# Trying to replace mole phases blinders with LEDS



## ATLLITEPRO (Jul 21, 2013)

The company I work for is looking to replace their mole lights with LEDS pretty soon. Does any body have any ides who to go about this using LED fixtures?


----------



## BBQ (Nov 16, 2010)

Are you asking about concert lighting?


----------



## FastFokker (Sep 18, 2012)

You mean like the ones they used in this music video?


----------



## ATLLITEPRO (Jul 21, 2013)

BBQ said:


> Are you asking about concert lighting?


Yes I just did a concert with yes and they used two downstage right and left its ussually used when the performers says is everybody having a good?and as the crowd screams they light ul.i aldi heard thst these are the same lamps that they use to land aircrafts.


----------



## BBQ (Nov 16, 2010)

ATLLITEPRO said:


> Yes I just did a concert with yes and they used two downstage right and left its ussually used when the performers says is everybody having a good?and as the crowd screams they light ul.

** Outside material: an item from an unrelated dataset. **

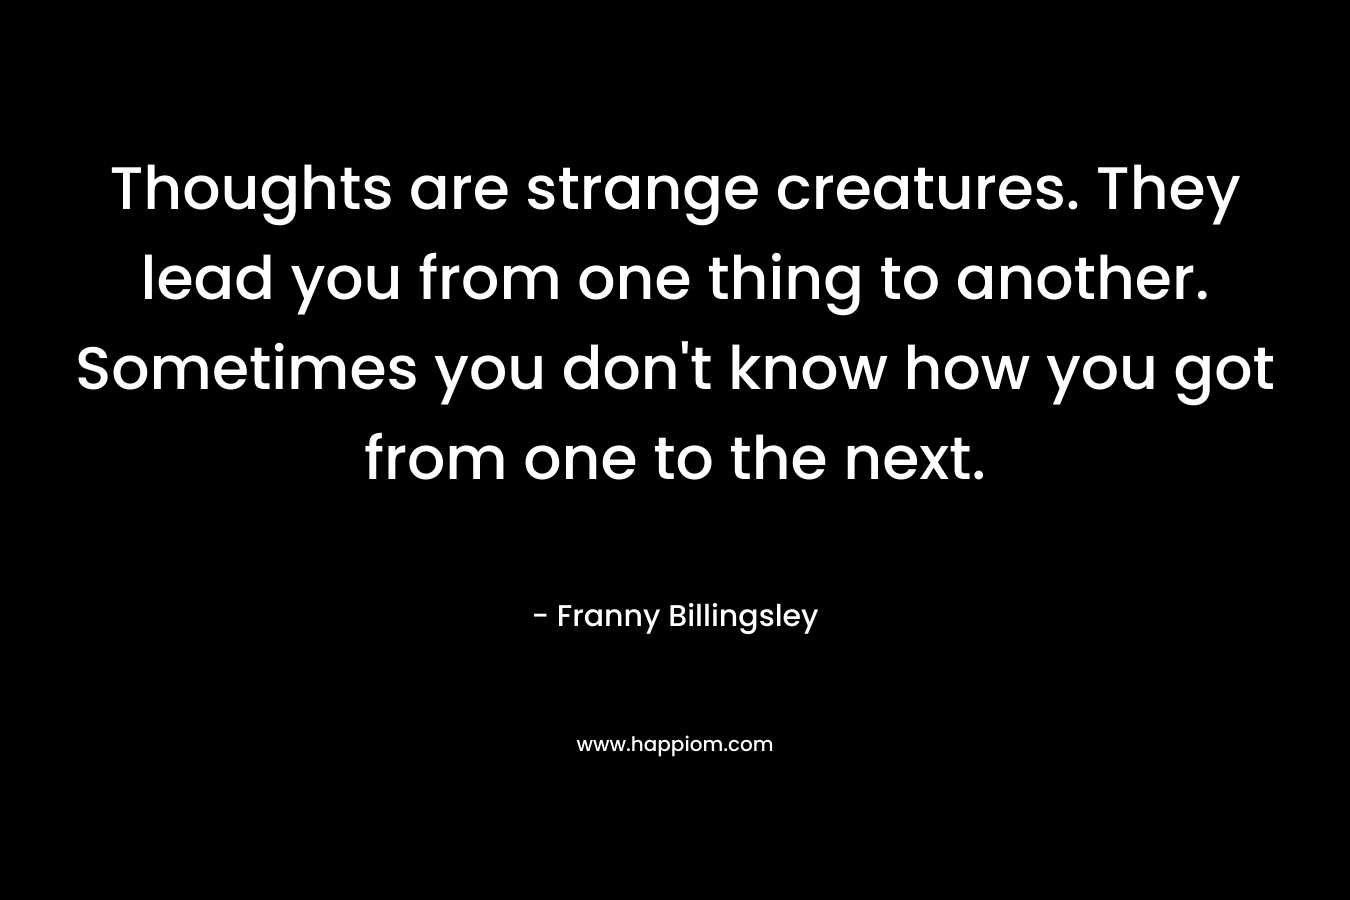 Thoughts are strange creatures. They lead you from one thing to another. Sometimes you don't know how you got from one to the next.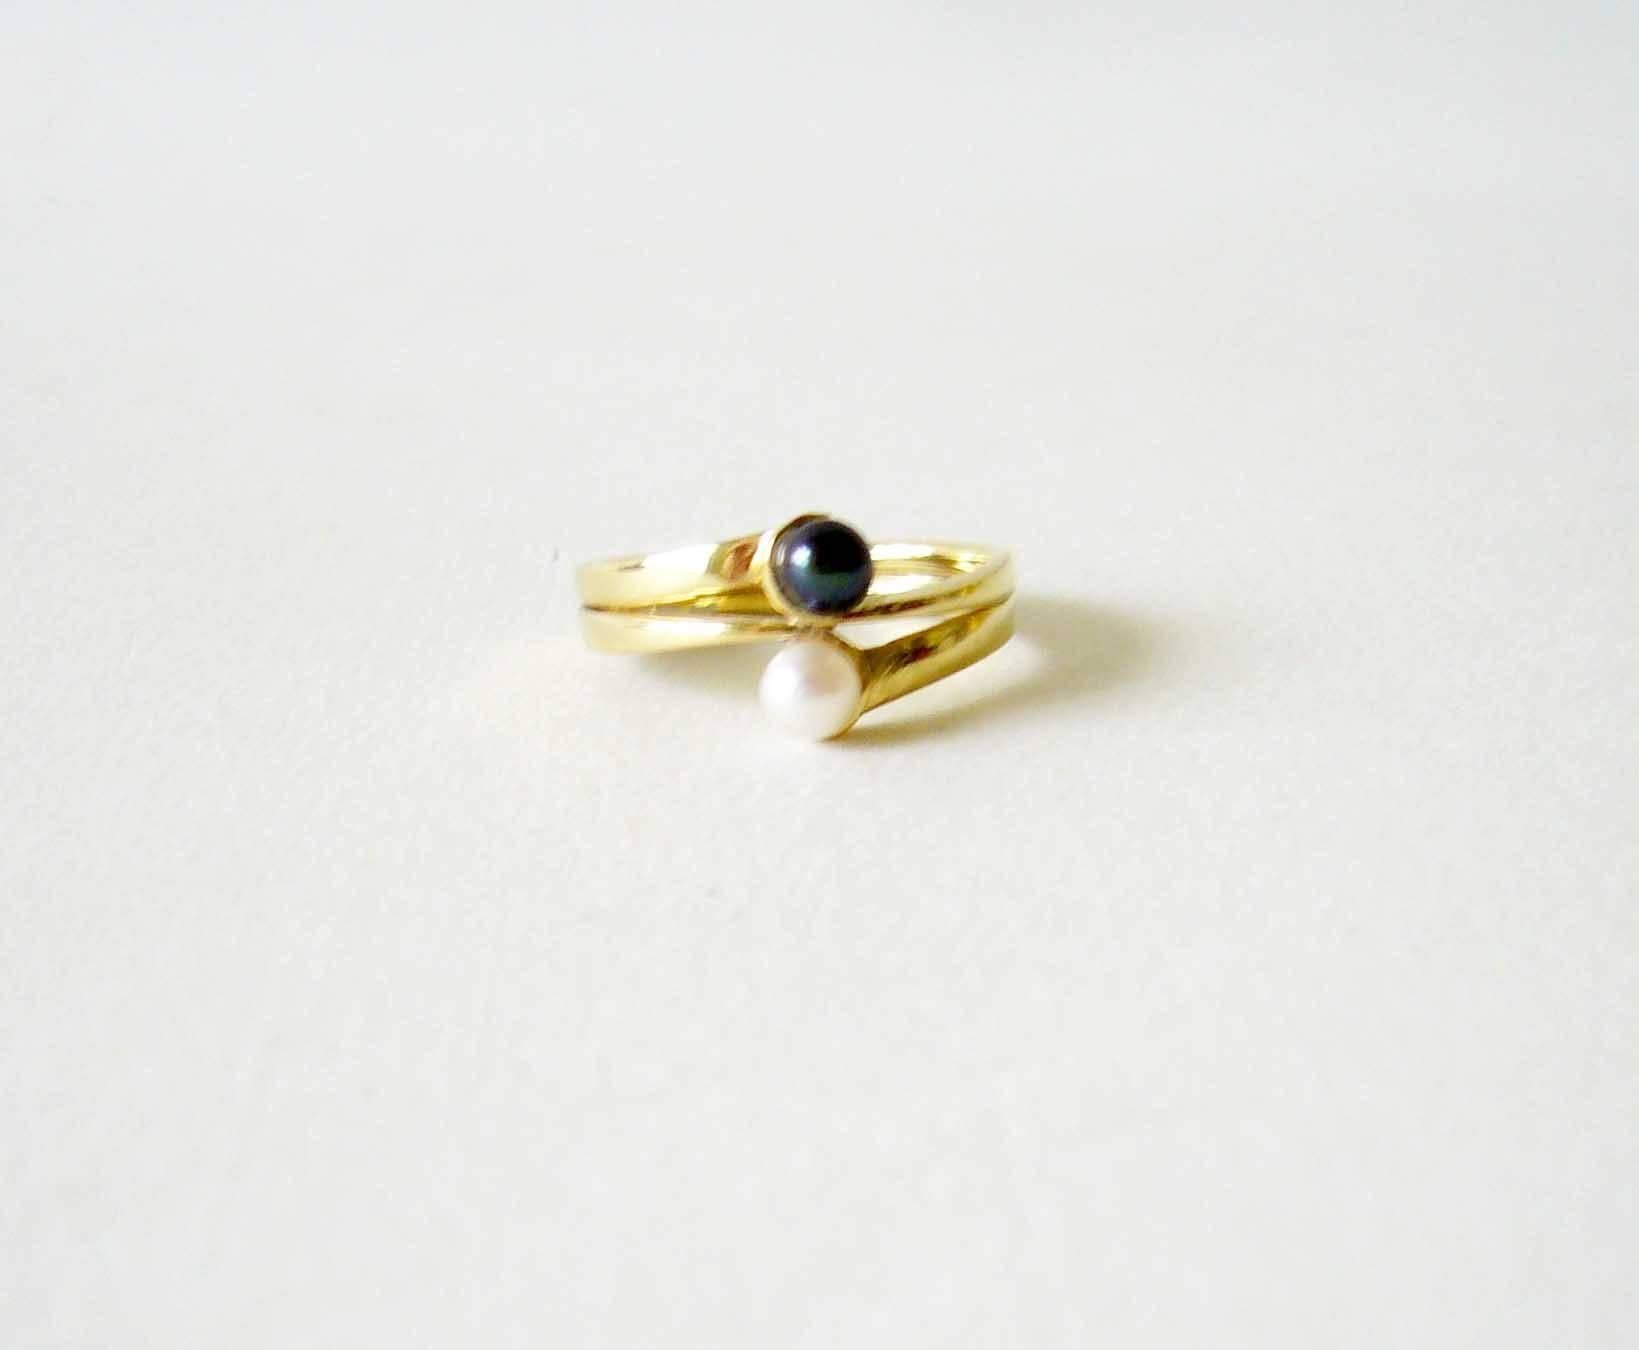 Dainty 14k gold ring featuring one white and one black pearl at center, created by Jack Nutting of San Francisco, California circa 1970's.  Ring is a finger size 5.5 to 5.75 and is unsigned.  From the estate of the artist, Jack Nutting.  In very

In that case I would say you are at the wrong forum.

Lighting design here is about homes, offices, schools etc, not entertainment lighting rigs.



> i aldi heard thst these are the same lamps that they use to land aircrafts.


Actually they are the lamps used on aircraft like headlights 

They are 24 volts and are put together in series so you can run them at 120 volts. 

But modern shows are using LEDs for them now


----------



## BBQ (Nov 16, 2010)

Sorry, 28 volts. 

http://www.bulbamerica.com/osram-sy...r:adType=pla&gclid=CI3e_K29wrgCFdCY4AodXn4AdQ


----------



## ATLLITEPRO (Jul 21, 2013)

BBQ said:


> Are you asking about concert lighting?


Yes about concert lighting


----------